AIM OF THE TASK: Your answer must restate the listing below word for word and contain no images.

INFORMATION SHOWN:
◇ ◇ ◇ ◇ ◇ ◇ ◇

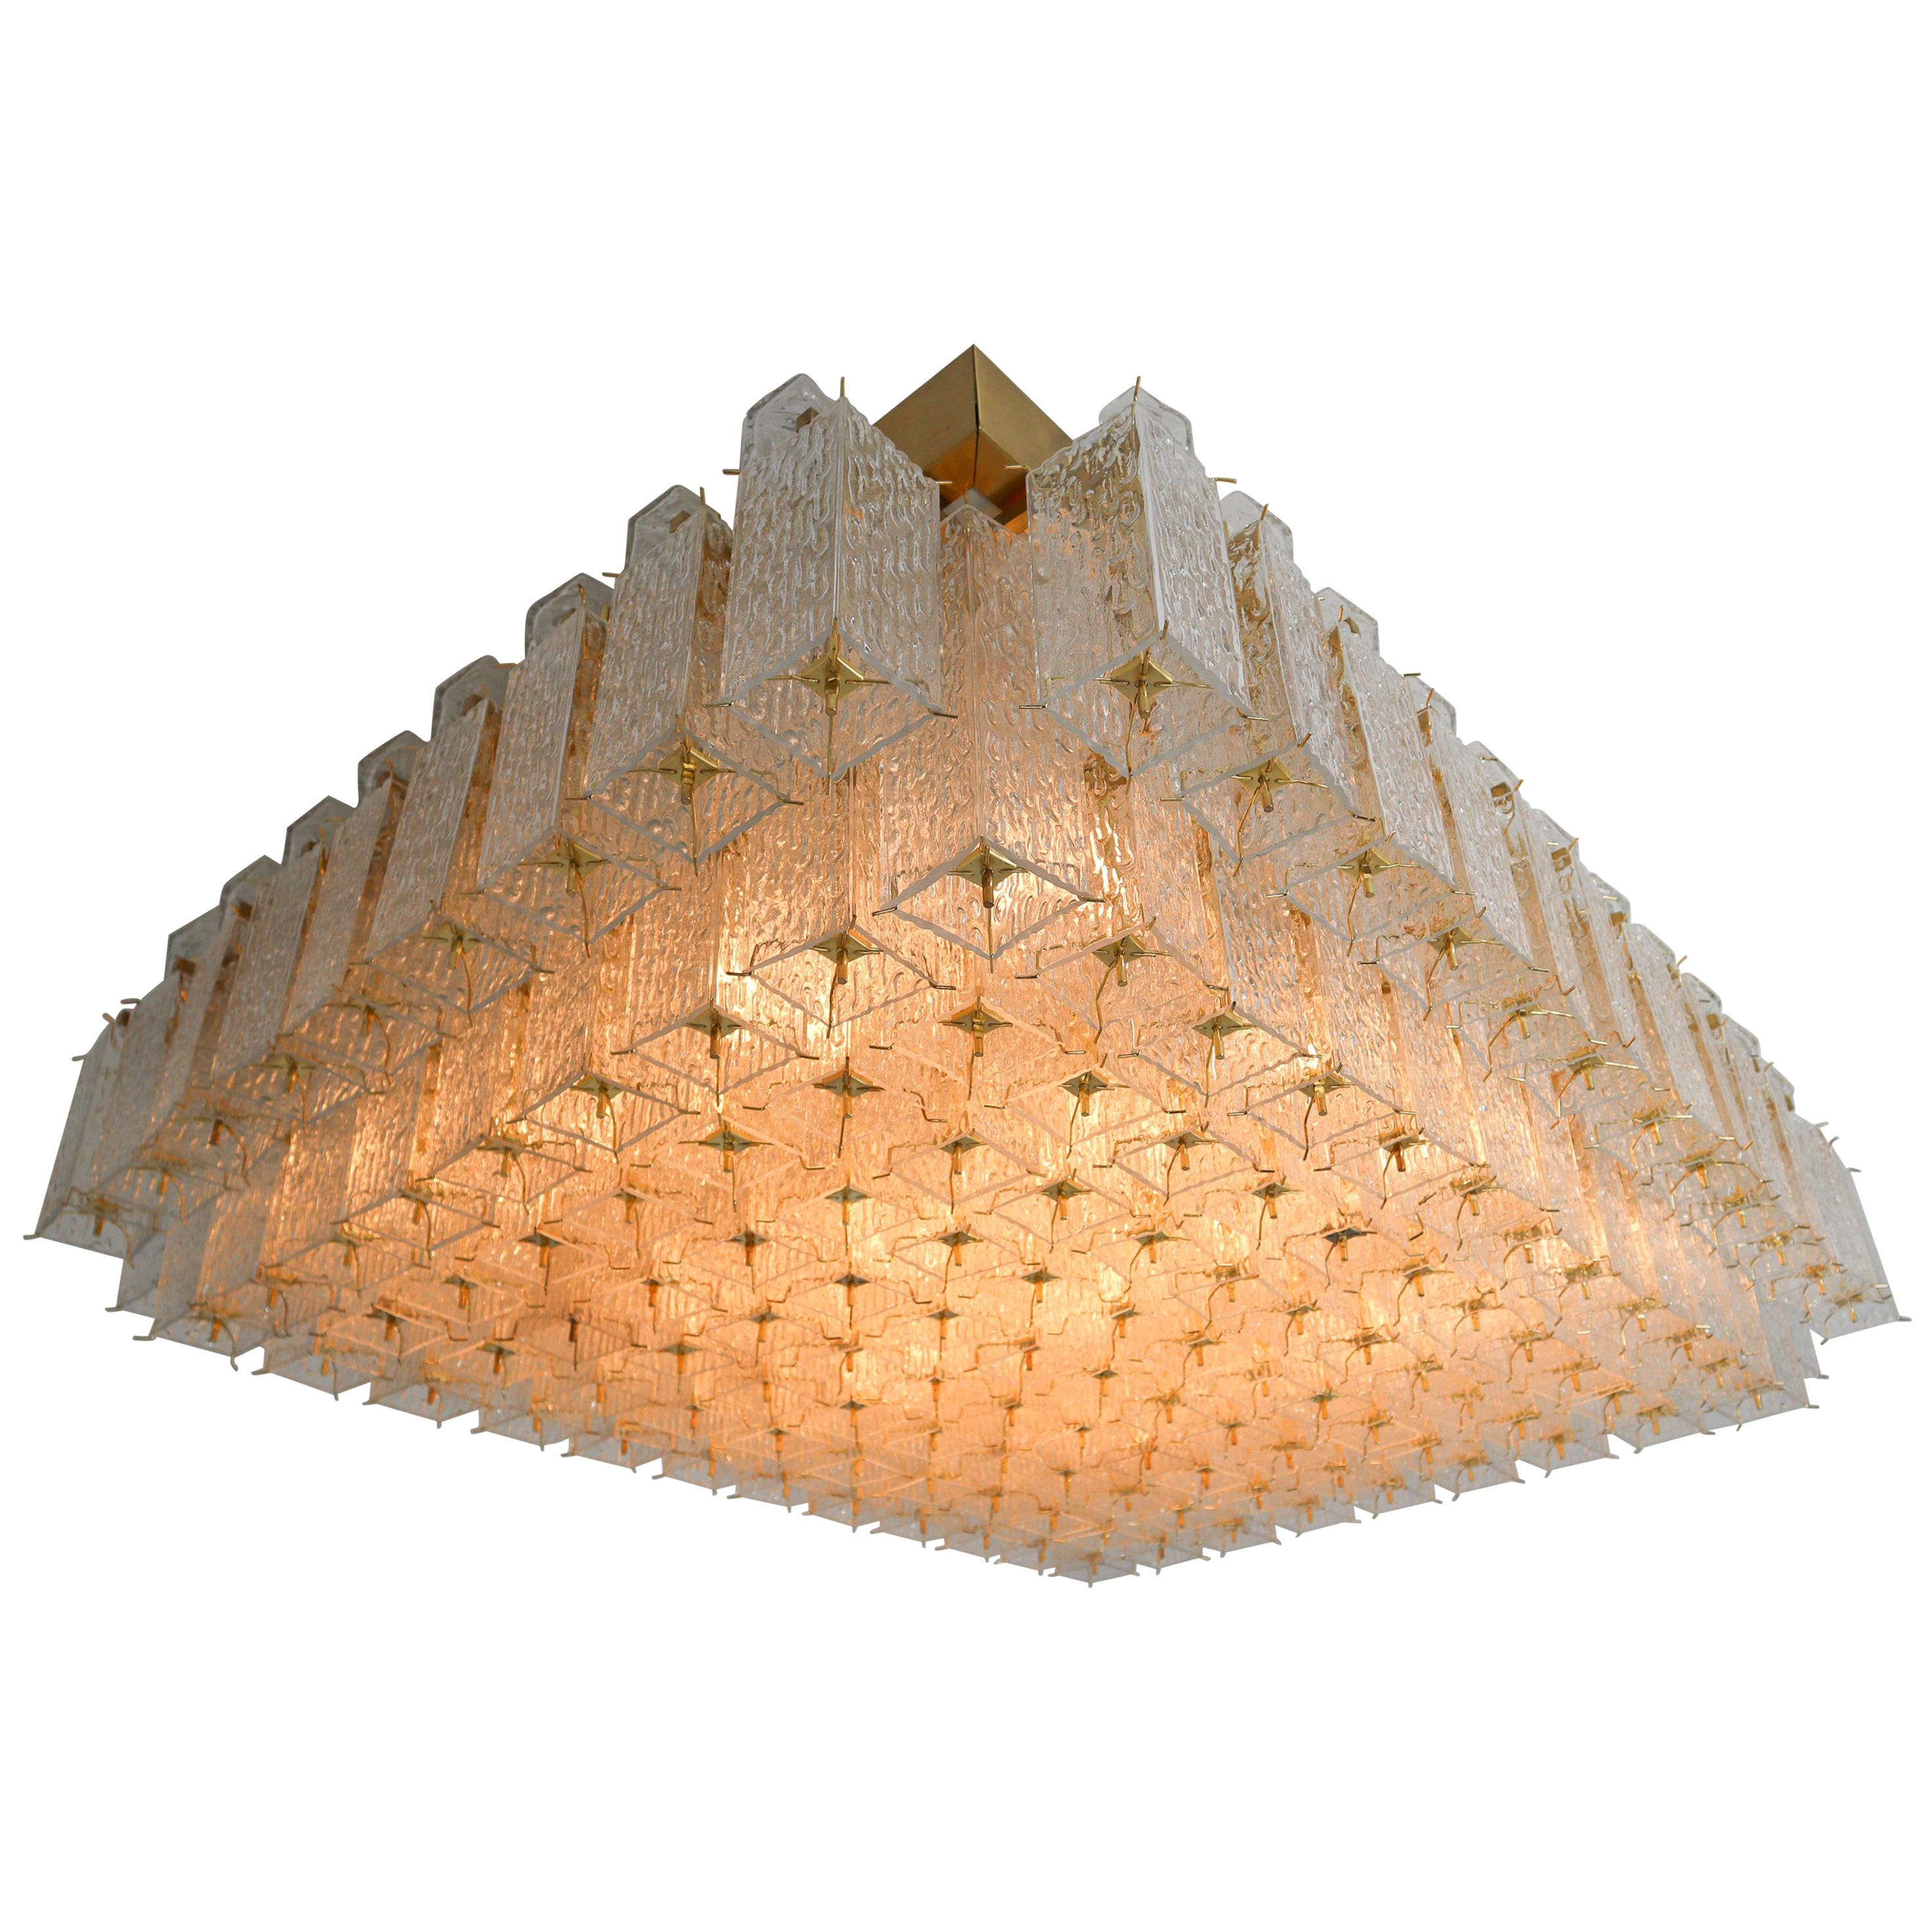 Grand Midcentury Flushmount, Chandelier in Structured Glass and Brass, Europe
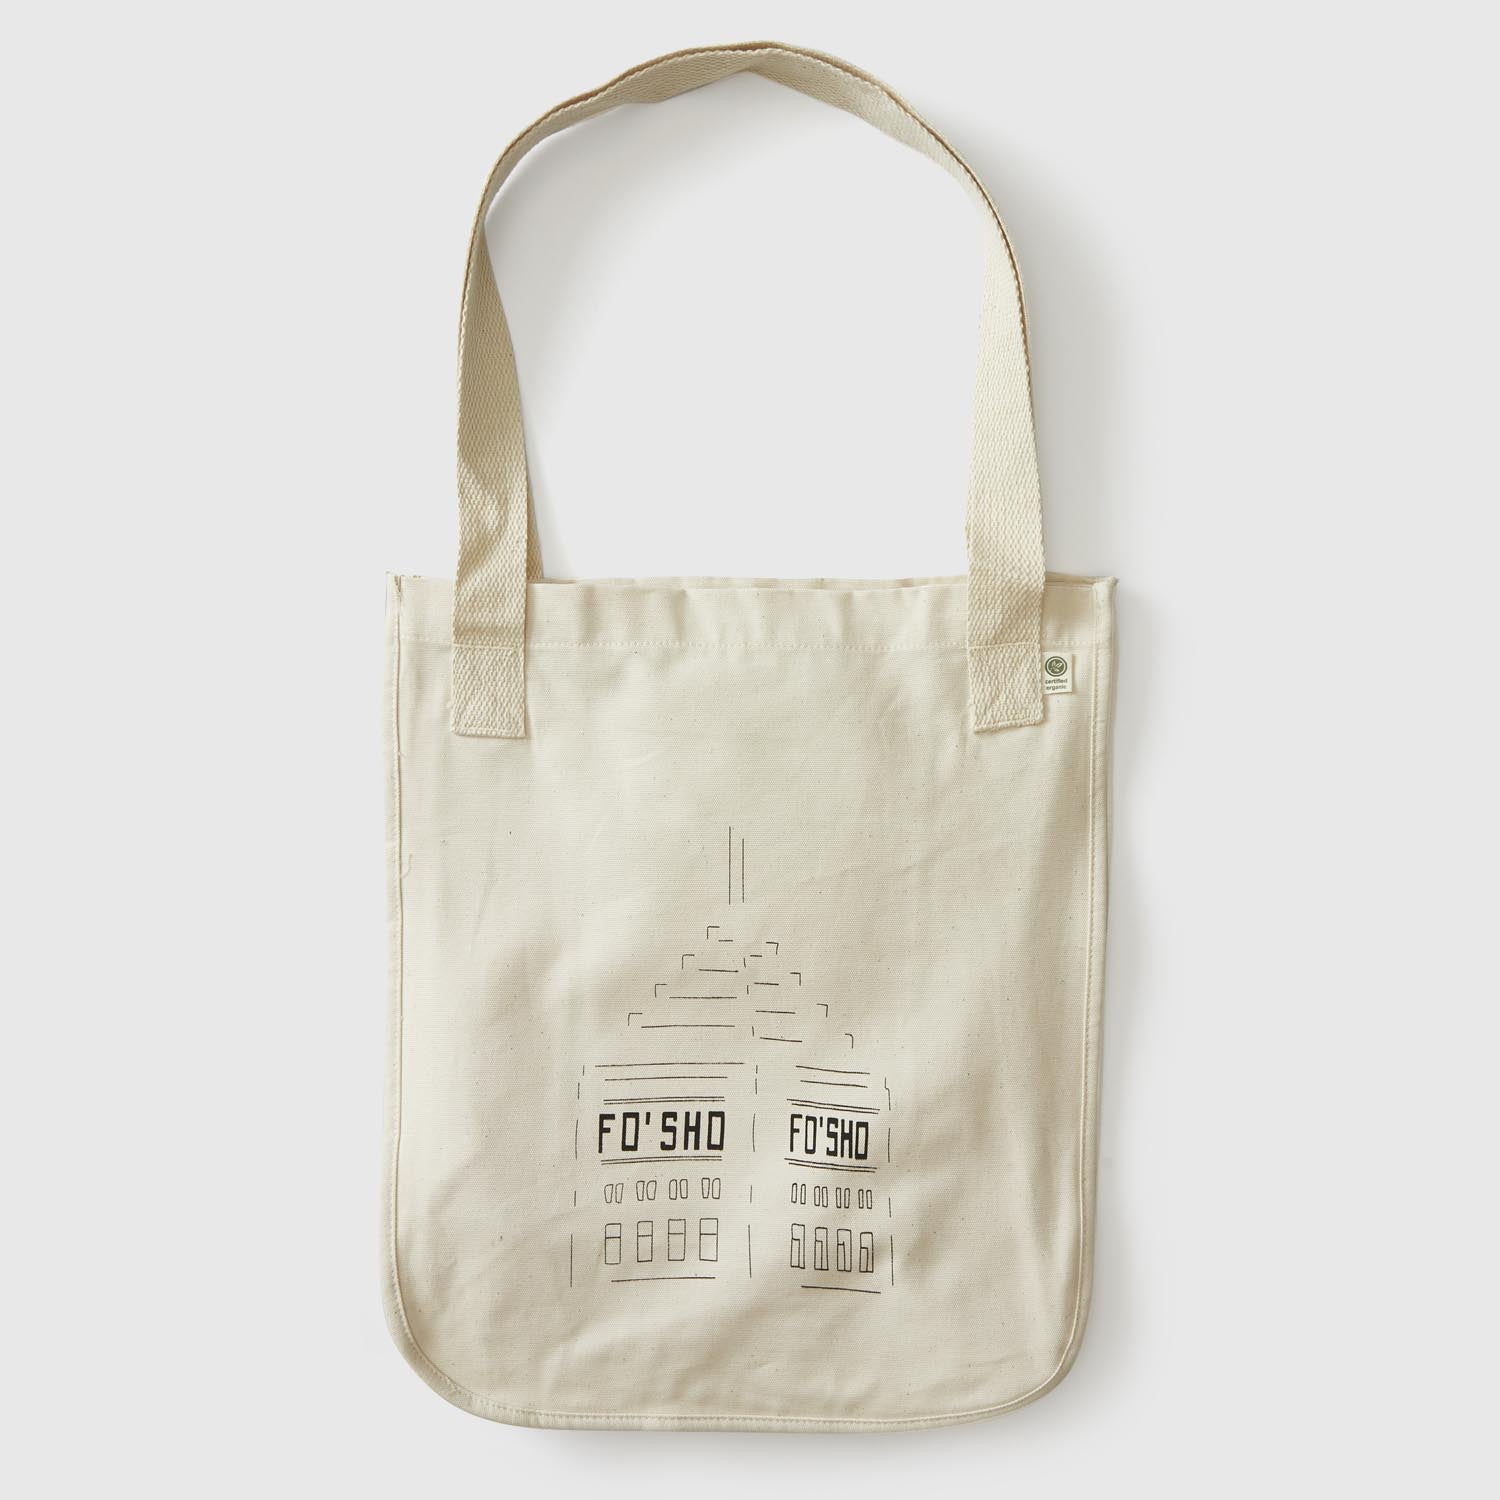 Natural market tote with illustration depicting the Foshay Tower with Fo' Sho in place of Foshay. minnesota clothing, minnesota apparel, minnesota accessories, minnesota gifts, minnesota goods, minnesota themed clothing, minnesota themed apparel, minnesota themed gifts, minnesota themed goods, minnesota totes, minnesota tote bags, minnesota tote, minnesota themed tote bags, minnesota themed totes, minnesota themed tote
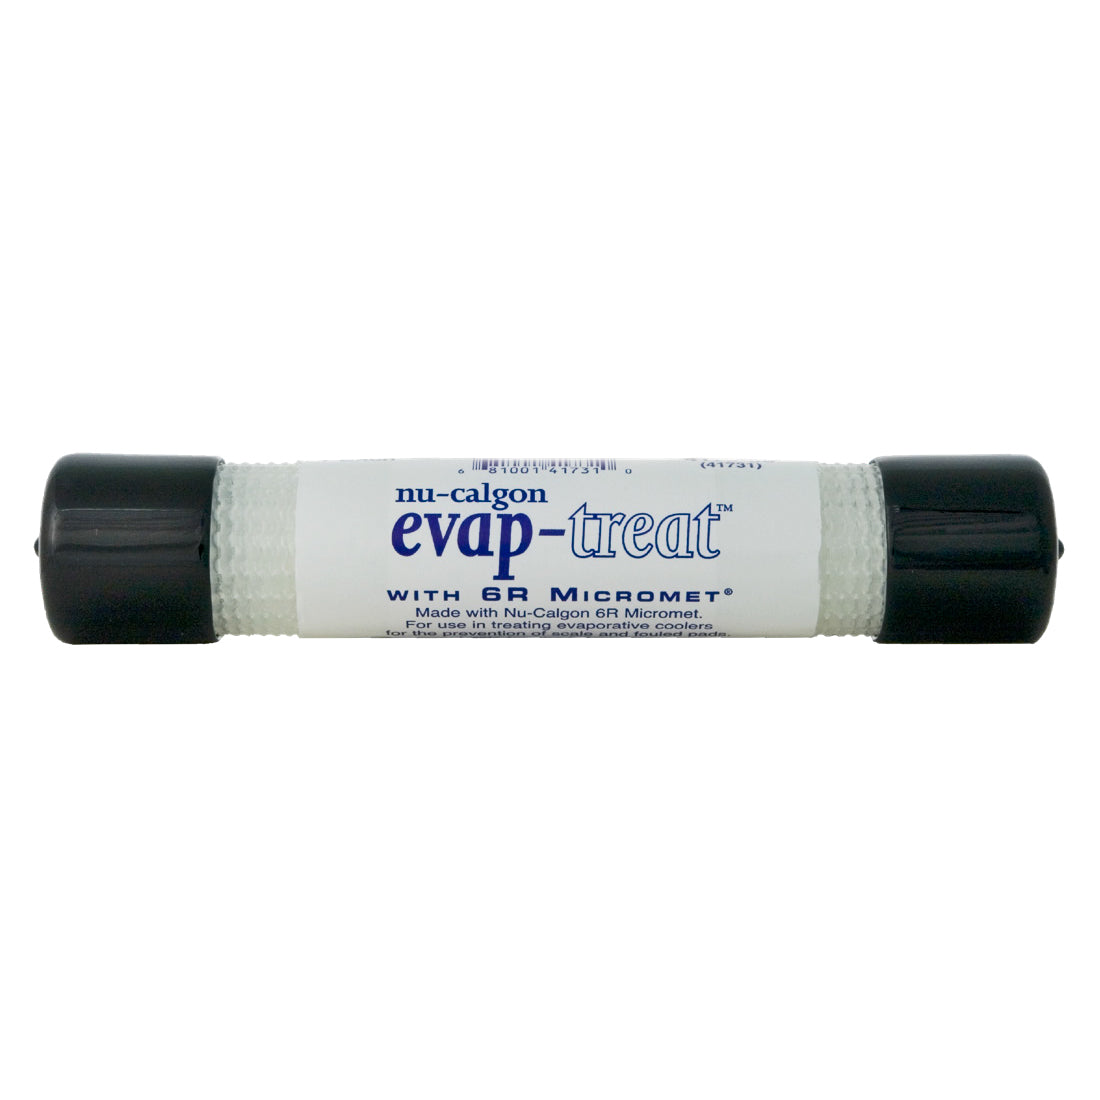 4173-06 - Evap-Treat Evaporative Cooler Treatment for Coolers Up to 10000 CFM

◇ ◇ ◇ ◇ ◇ ◇ ◇

SOLUTION:
 Grand Midcentury Flushmount, Chandelier in Structured Glass and Brass, Europe
 Natural market tote with illustration depicting the Foshay Tower with Fo' Sho in place of Foshay. minnesota clothing, minnesota apparel, minnesota accessories, minnesota gifts, minnesota goods, minnesota themed clothing, minnesota themed apparel, minnesota themed gifts, minnesota themed goods, minnesota totes, minnesota tote bags, minnesota tote, minnesota themed tote bags, minnesota themed totes, minnesota themed tote
 4173-06 - Evap-Treat Evaporative Cooler Treatment for Coolers Up to 10000 CFM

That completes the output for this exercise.